• _EXERCISE DIRECTIONS_:
Pictures excluded, output the lines of the data below between the one holding "Wallpaper Black Widow" and the one holding "Cos \N Blue", inclusive, exactly as they stand.

• _GIVEN INFORMATION_:
+ + + + + + +

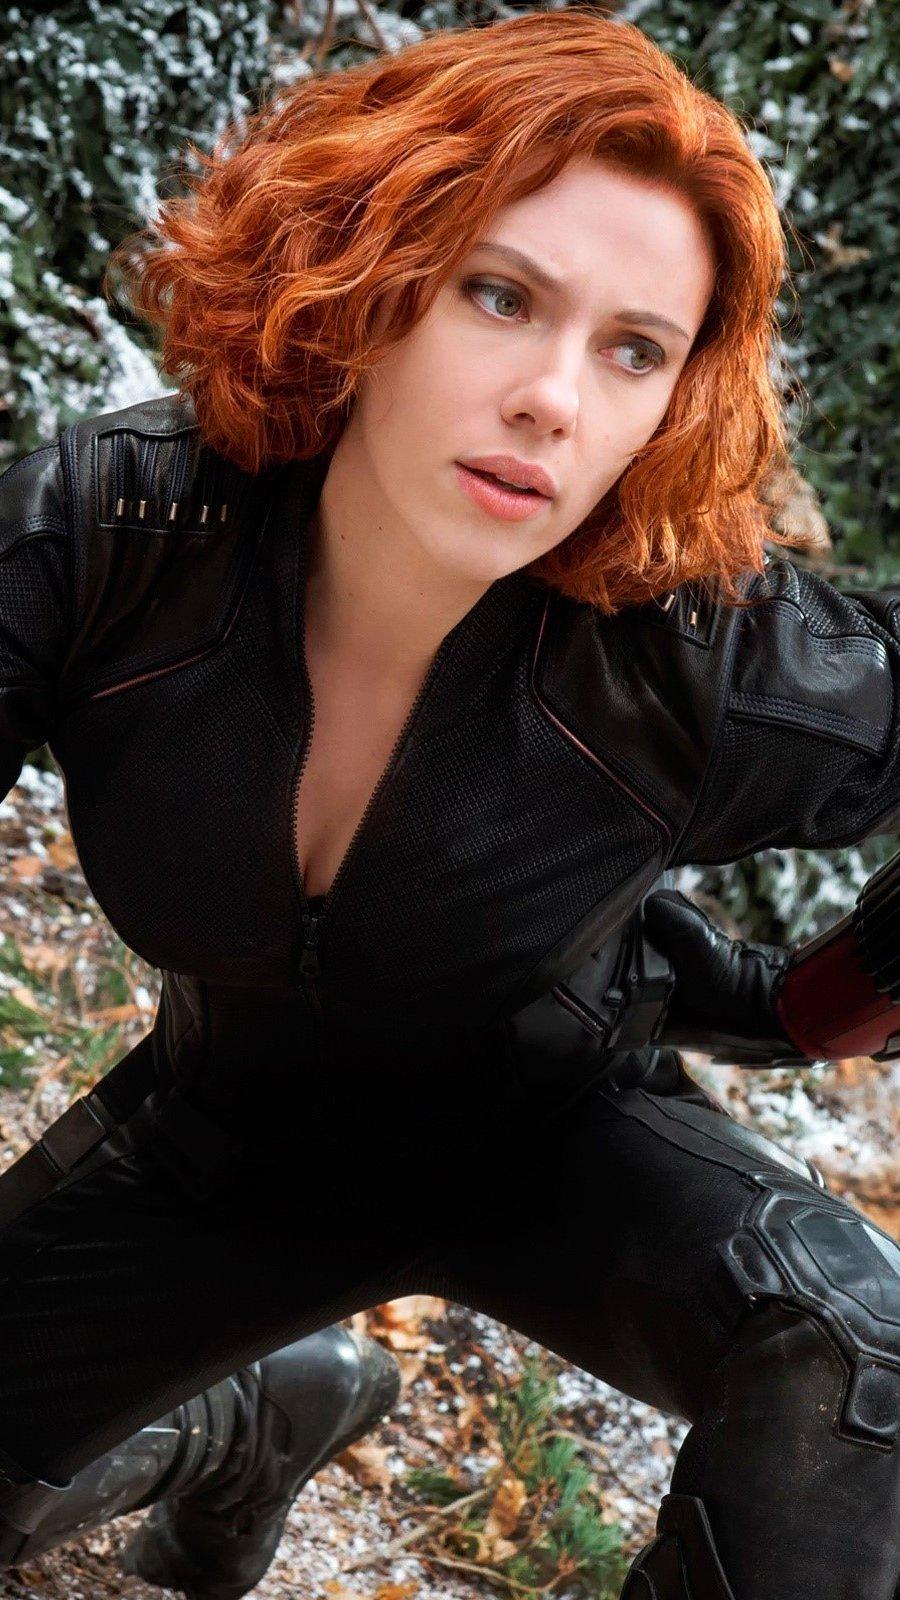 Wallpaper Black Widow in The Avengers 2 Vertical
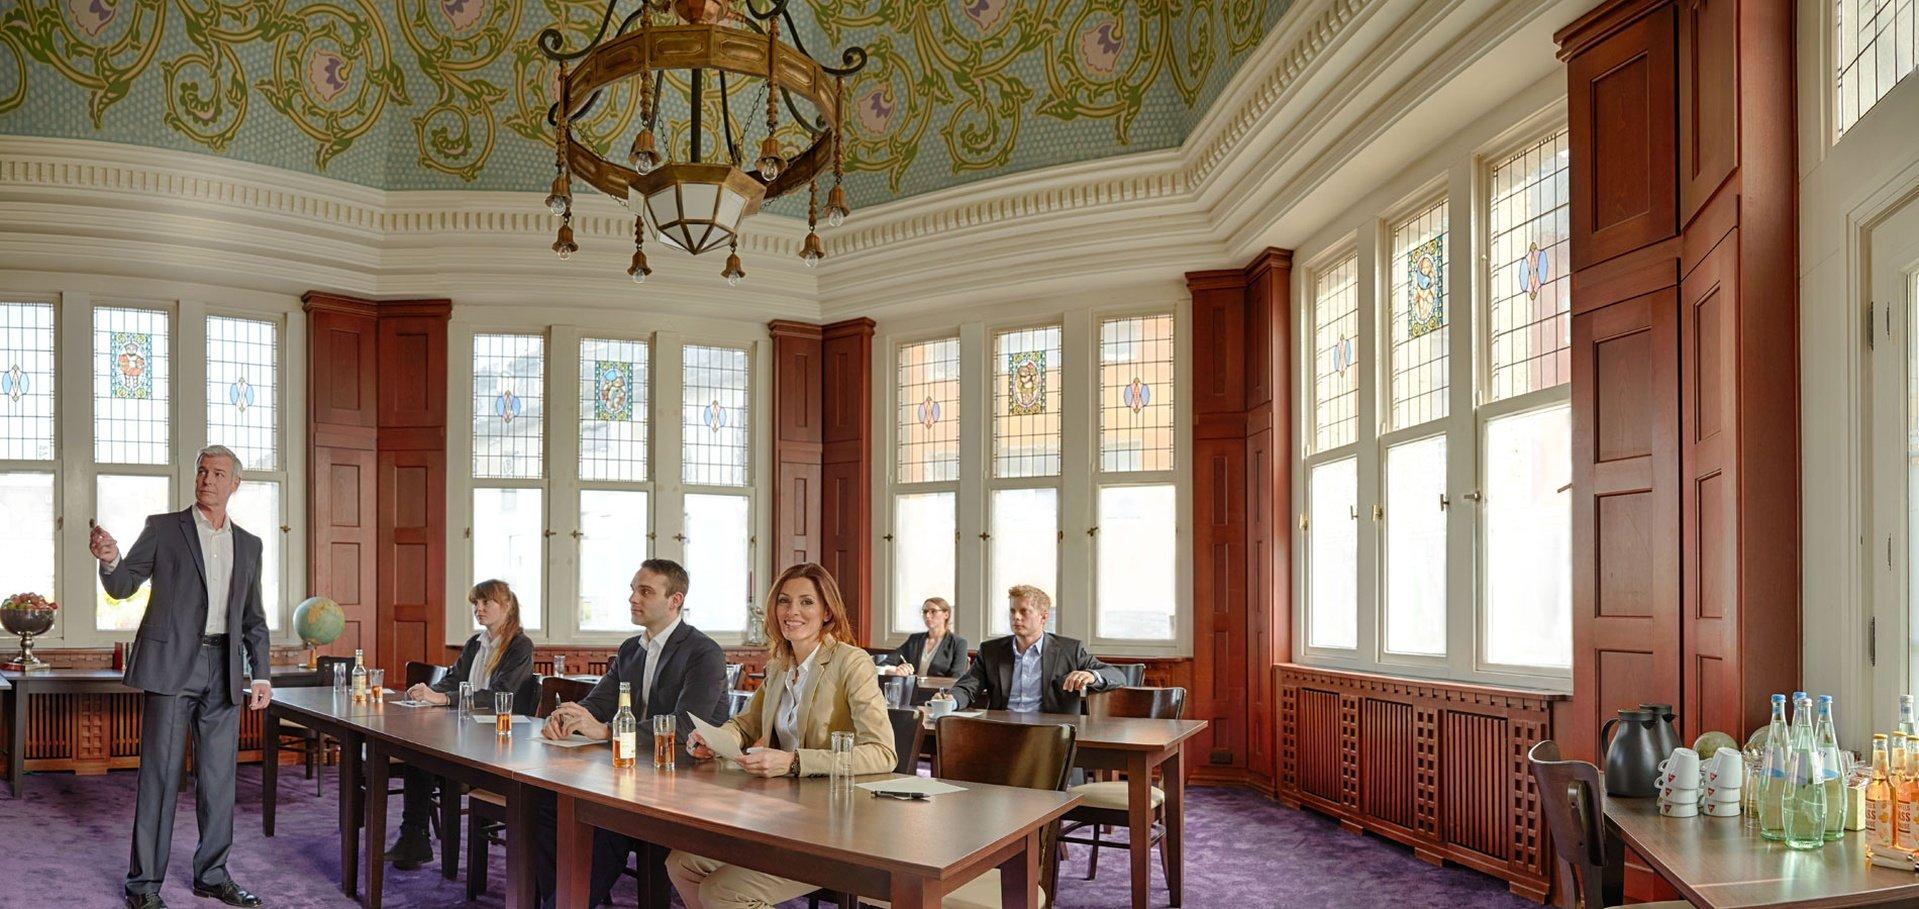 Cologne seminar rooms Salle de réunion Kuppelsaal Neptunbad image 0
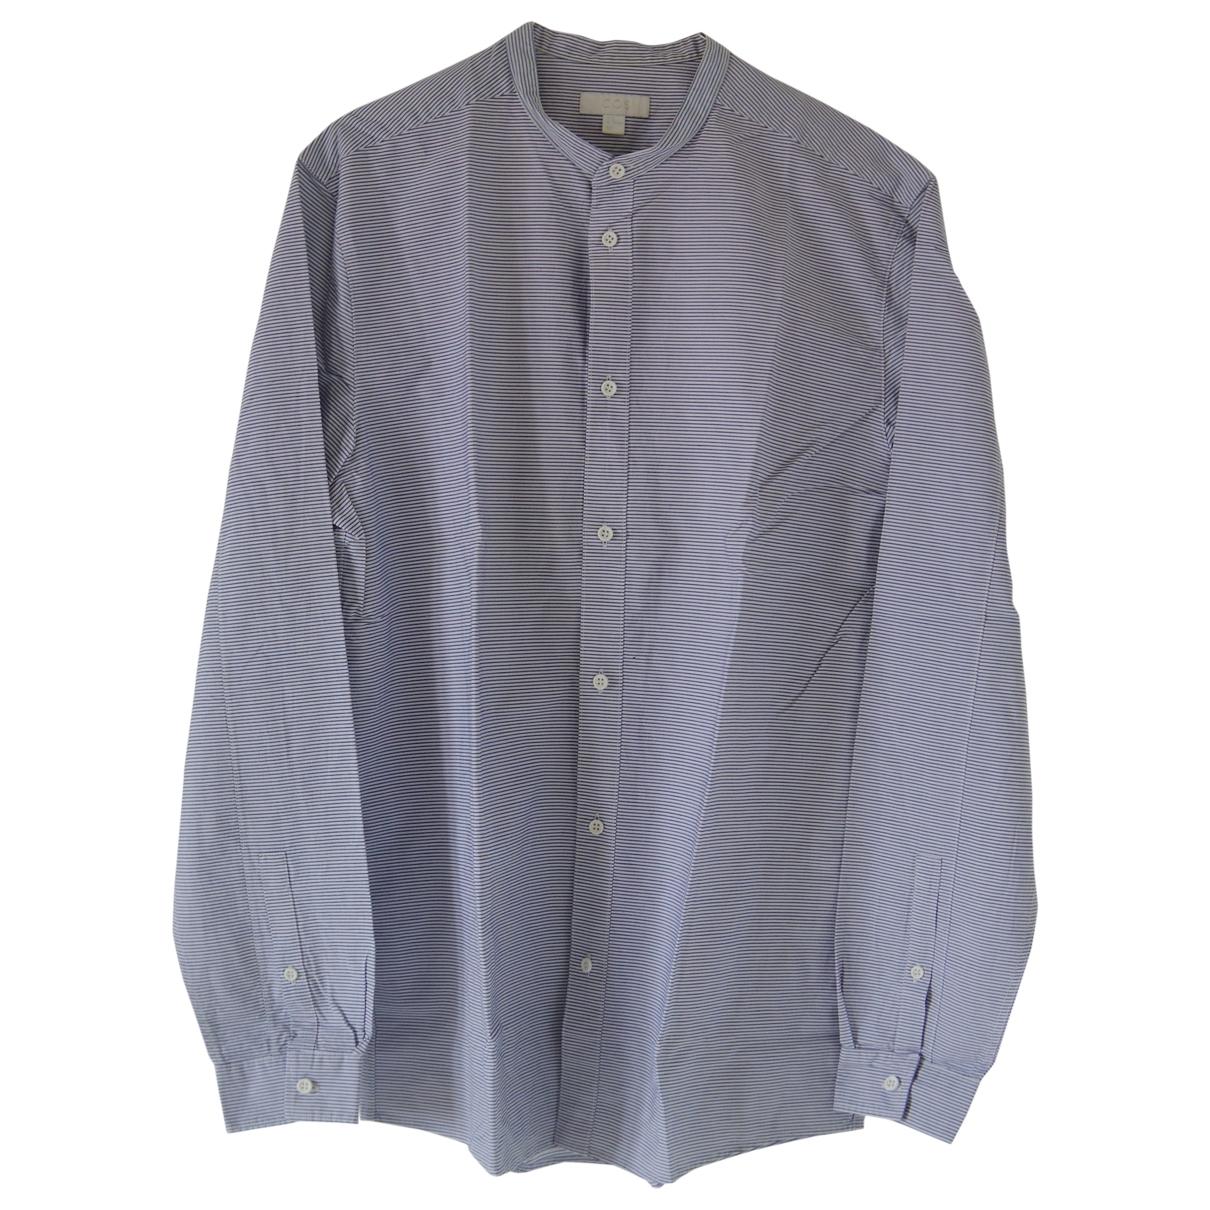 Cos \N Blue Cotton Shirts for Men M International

+ + + + + + +

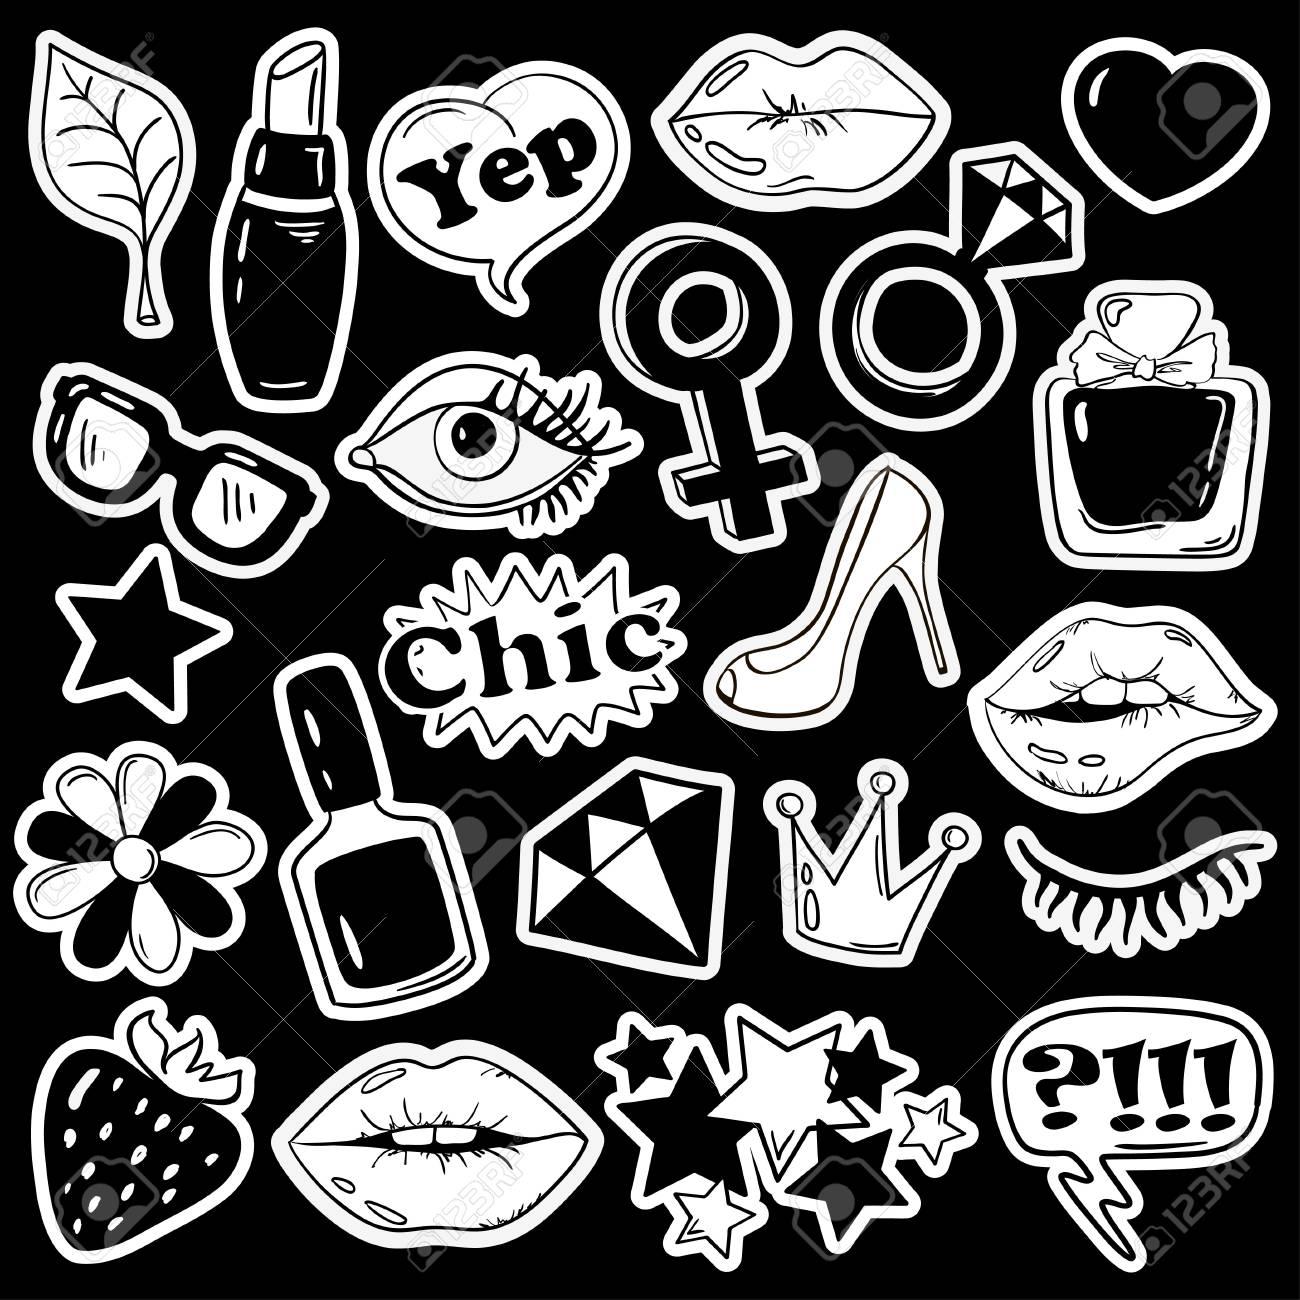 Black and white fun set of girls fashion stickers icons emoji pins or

+ + + + + + +

• _ANSWER SECTION_:
 Wallpaper Black Widow in The Avengers 2 Vertical
 Cologne seminar rooms Salle de réunion Kuppelsaal Neptunbad image 0
 Cos \N Blue Cotton Shirts for Men M International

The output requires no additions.